Incremental caldera collapse at Kīlauea Volcano recorded in ground tilt and high-rate GNSS data, with implications for collapse dynamics and the magma system

Ground deformation during caldera collapse at Kīlauea Volcano in 2018 was recorded in unprecedented detail on a network of real-time GNSS (Global Navigation Satellite System) and tilt instruments. Observations informed hazard assessments during the eruption and now yield insight into collapse dynamics and the magma system. The caldera grew in size over 78 days in a series of repeating, quasi-periodic ∼ day-long cycles.
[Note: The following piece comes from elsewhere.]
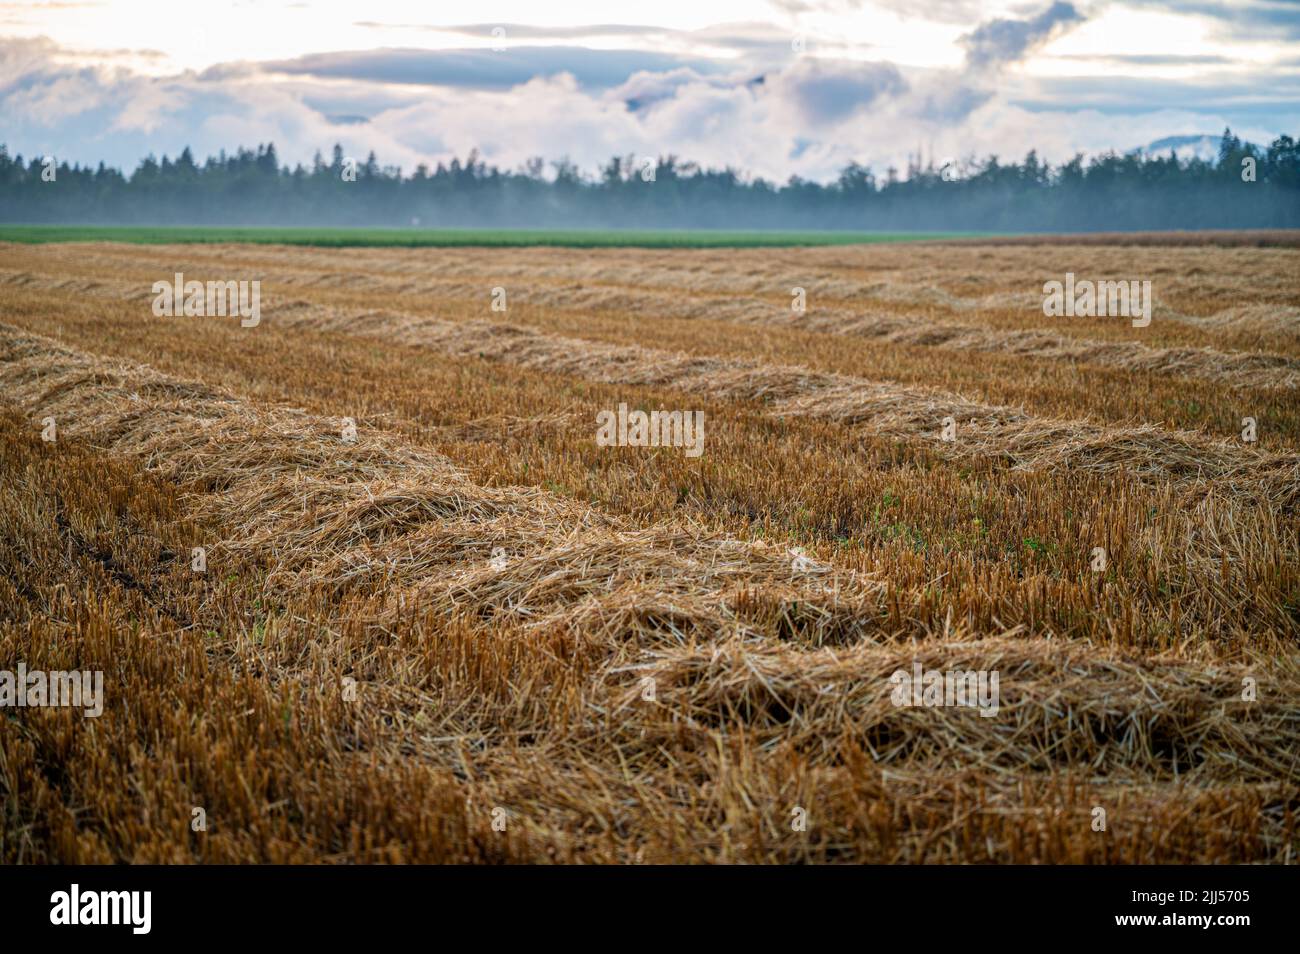 Campo de trigo dorado cosechado bajo cielo nublado con bosque en el fondo. Foto de stock

During abrupt seconds-long collapse events, fault-bounded caldera blocks subsided by meters, while the surrounding edifice moved upwards and outwards by as much as tens of centimeters. Between collapses, stations outside of the caldera moved inwards and downwards at decreasing rates, largely reversing co-collapse deformations. In total, the caldera subsided >500 m at its deepest point while the surrounding edifice subsided mostly less than 2 m chiefly in a region south of the new caldera. Ground deformation reflects magma withdrawal from the broader summit magma system and faulting processes related to collapse. Deformation cycles were caused by step-like pressurization of Kīlauea’s subcaldera magma system due to episodic, stick-slip roof rock subsidence, followed by gradual pressure reduction as magma continued to drain from the summit, stressing faults and leading to subsequent collapses. A model of piston-like subsidence implies that larger collapses increased pressure in a compressible subcaldera magma reservoir by several MPa, driving flow to the rift through a relatively wide conduit. Collapses did not fully recover precollapse pressure loss in the reservoir, and excess pressure driving the eruption was very low; the eruption was thus tenuously sustained by collapses. Important open questions remain about the relation between caldera floor subsidence and ground deformation, the role of other magma storage zones, and the interplay of summit and rift processes in controlling the evolution of the eruption.